- [Work item] The output should hold exactly, and only, the lines from the line bearing "slide with bolt" through the last line of the listing below, and no pictures.

*** Dataset excerpt

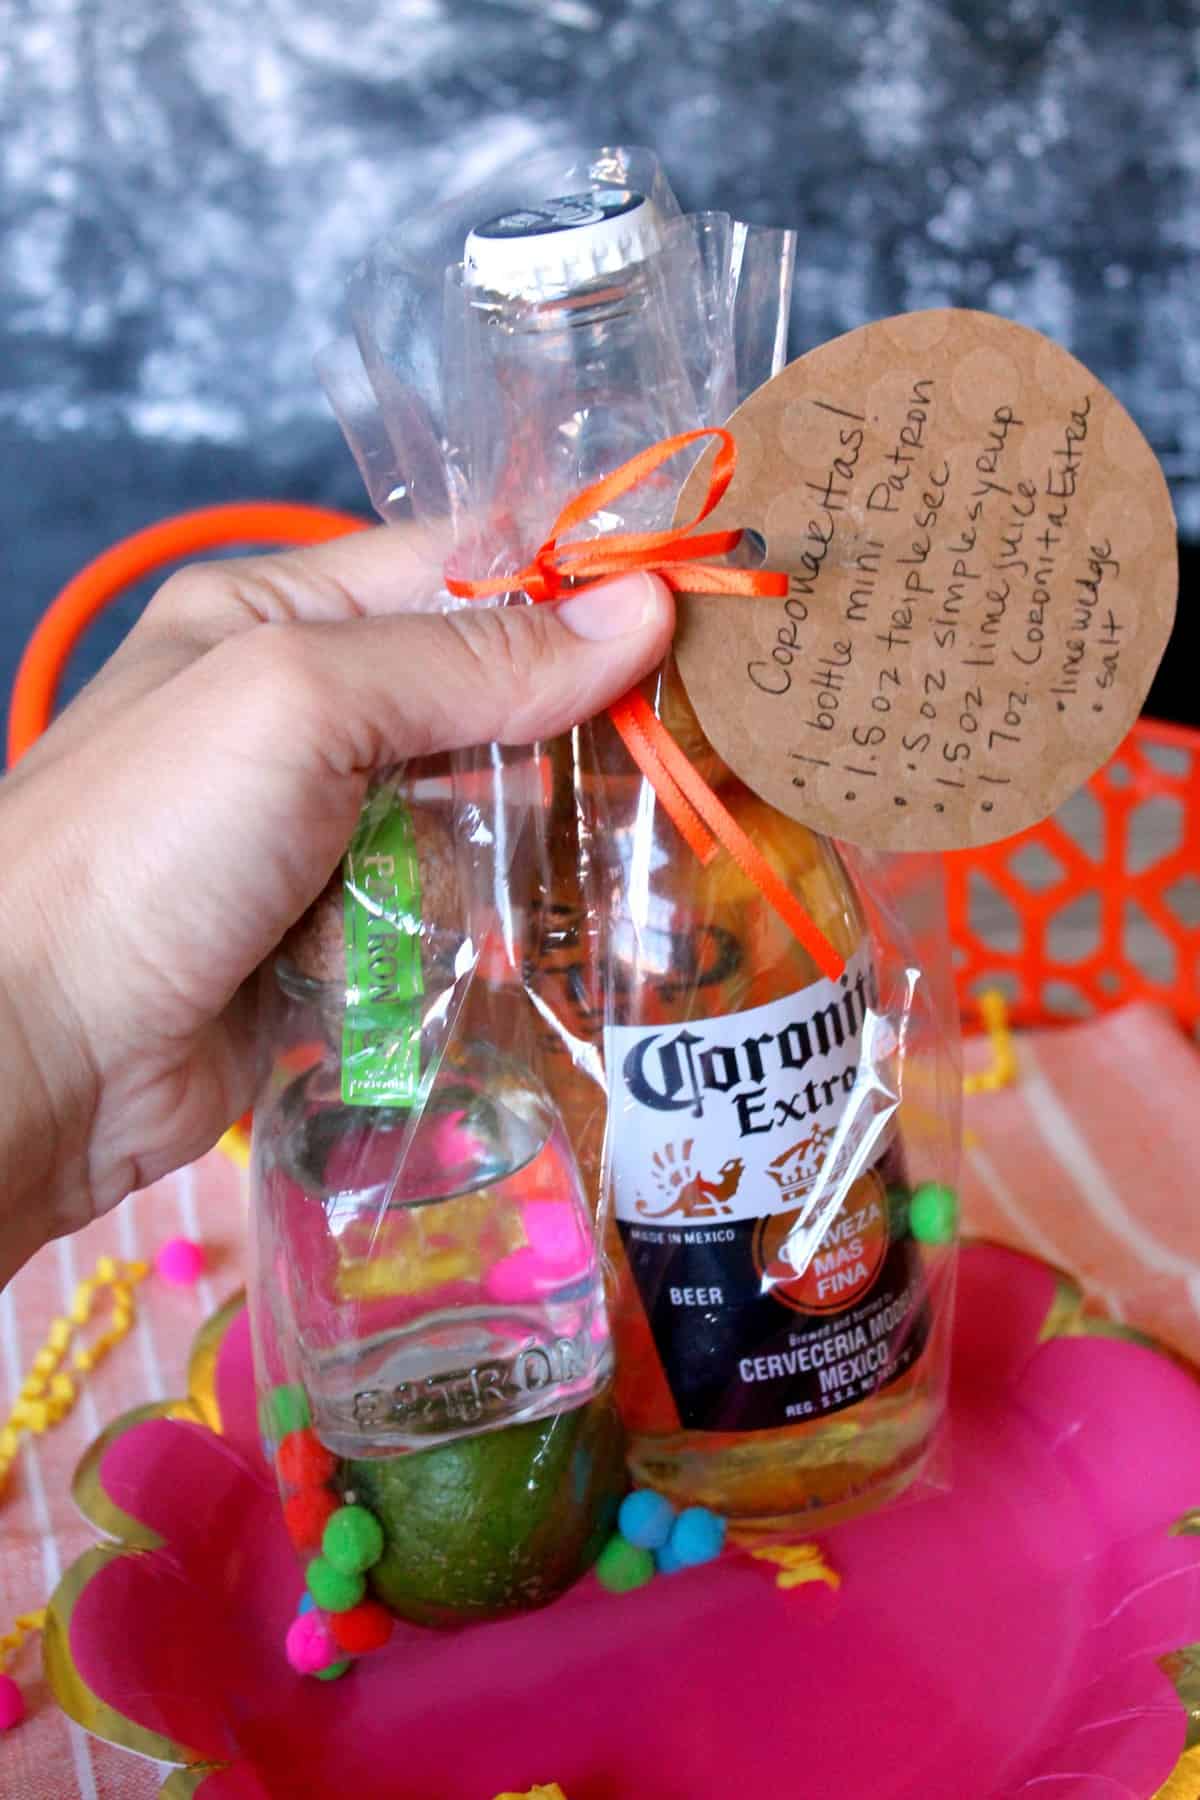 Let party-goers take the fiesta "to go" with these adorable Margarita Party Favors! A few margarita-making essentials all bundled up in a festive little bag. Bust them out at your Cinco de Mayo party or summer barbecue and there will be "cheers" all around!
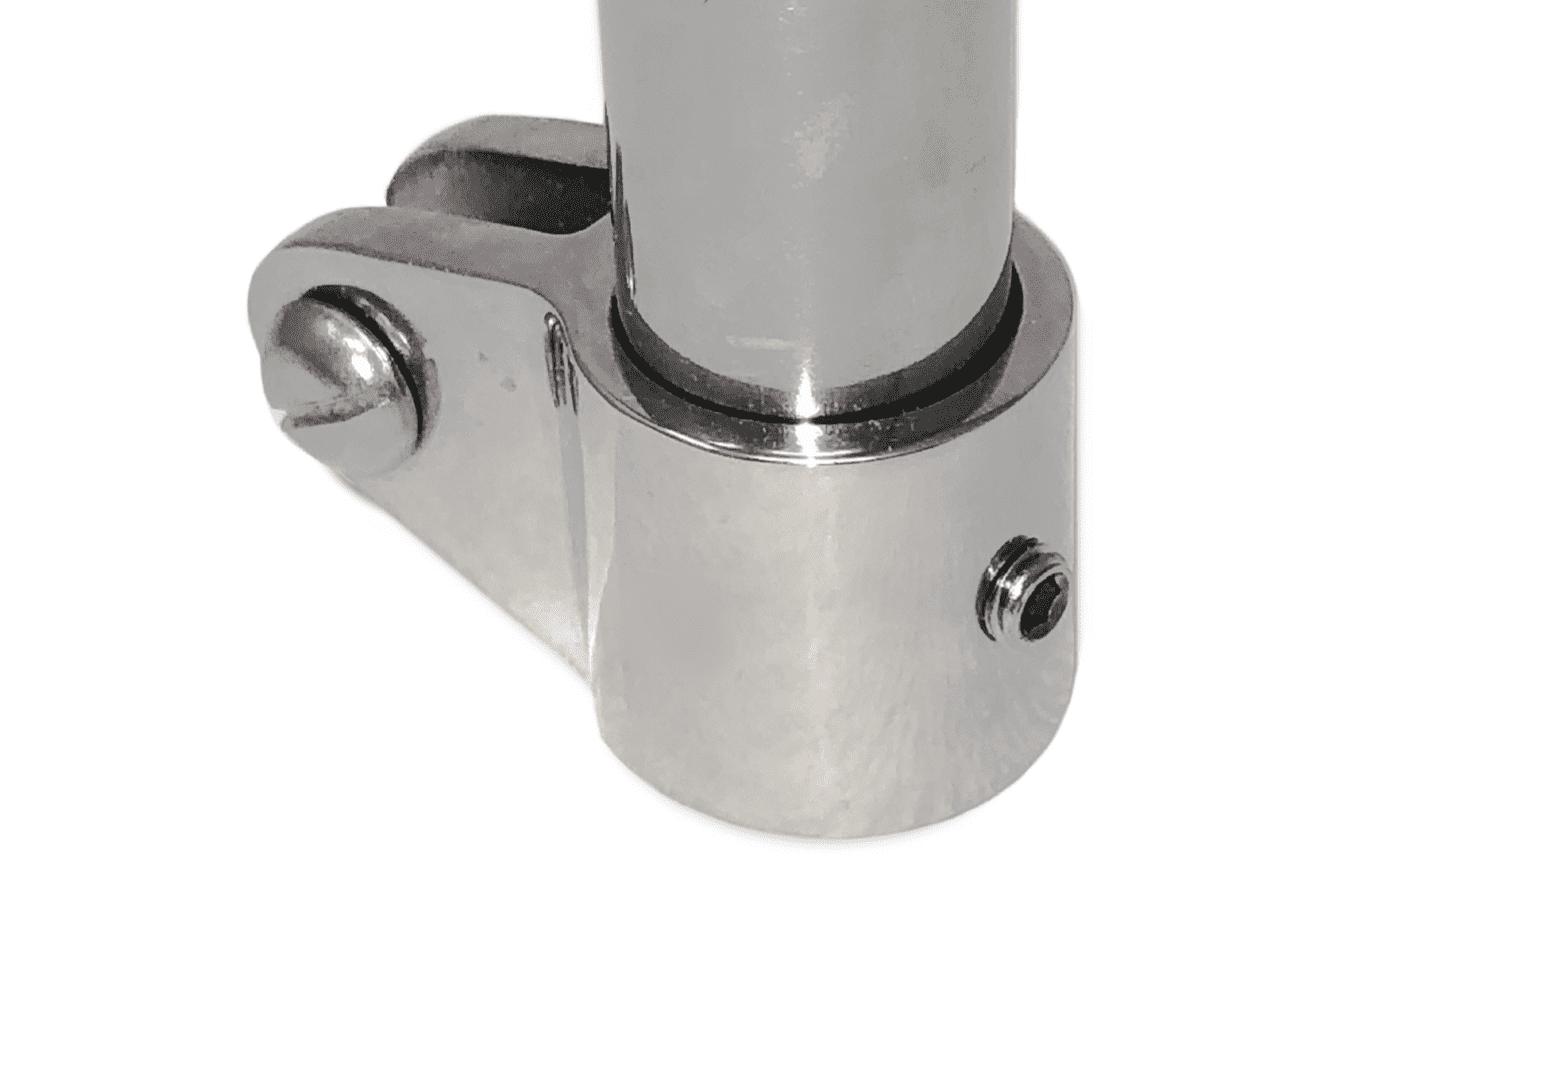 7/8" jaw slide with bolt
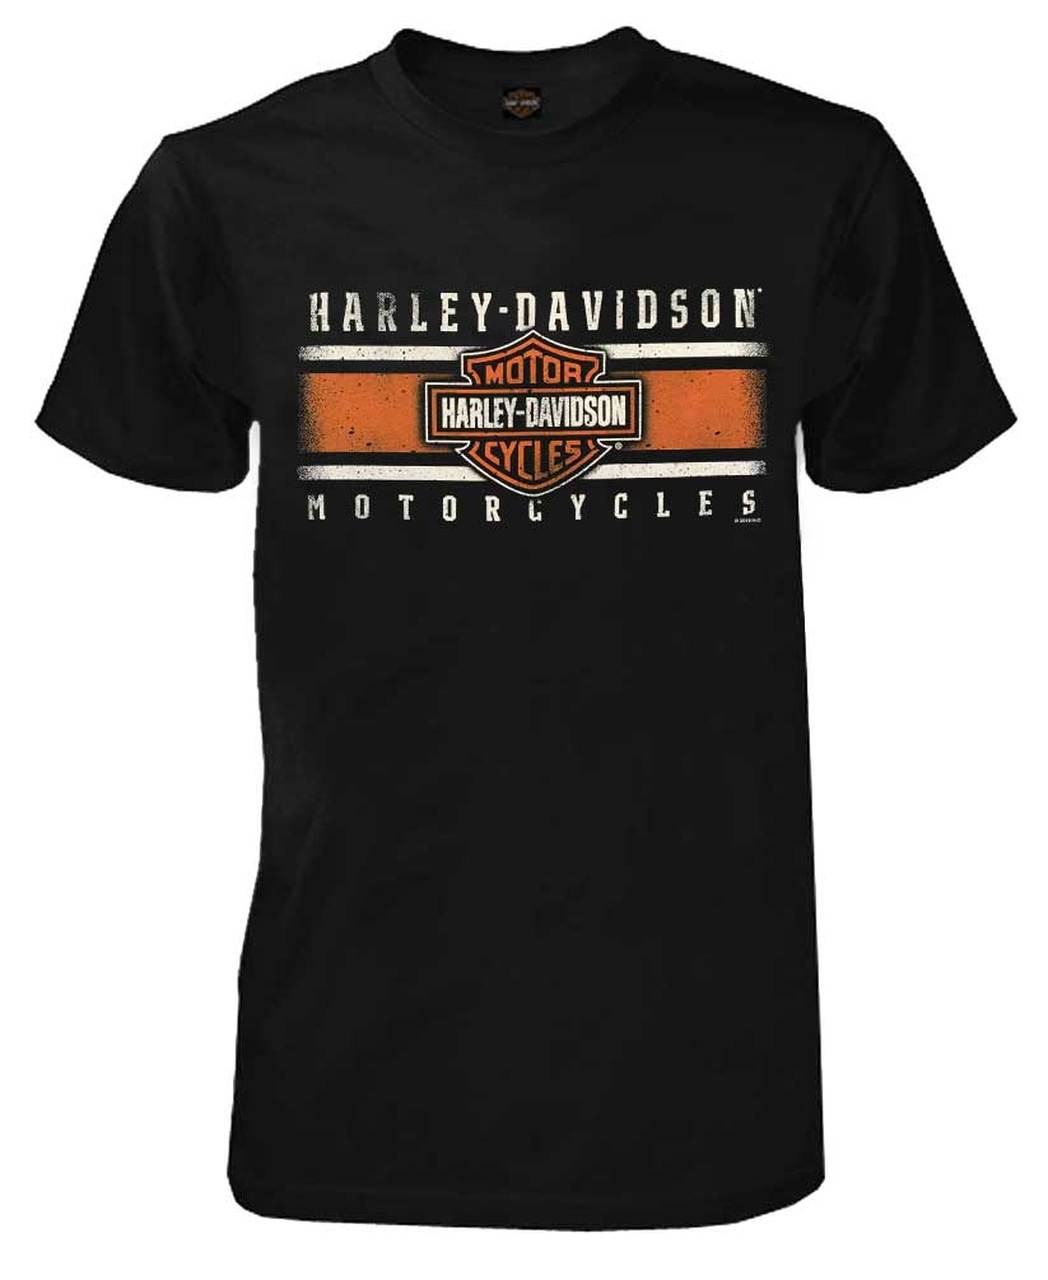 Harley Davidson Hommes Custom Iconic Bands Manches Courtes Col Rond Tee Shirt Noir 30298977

******

- [Solution for this exercise]
 7/8" jaw slide with bolt
 Harley Davidson Hommes Custom Iconic Bands Manches Courtes Col Rond Tee Shirt Noir 30298977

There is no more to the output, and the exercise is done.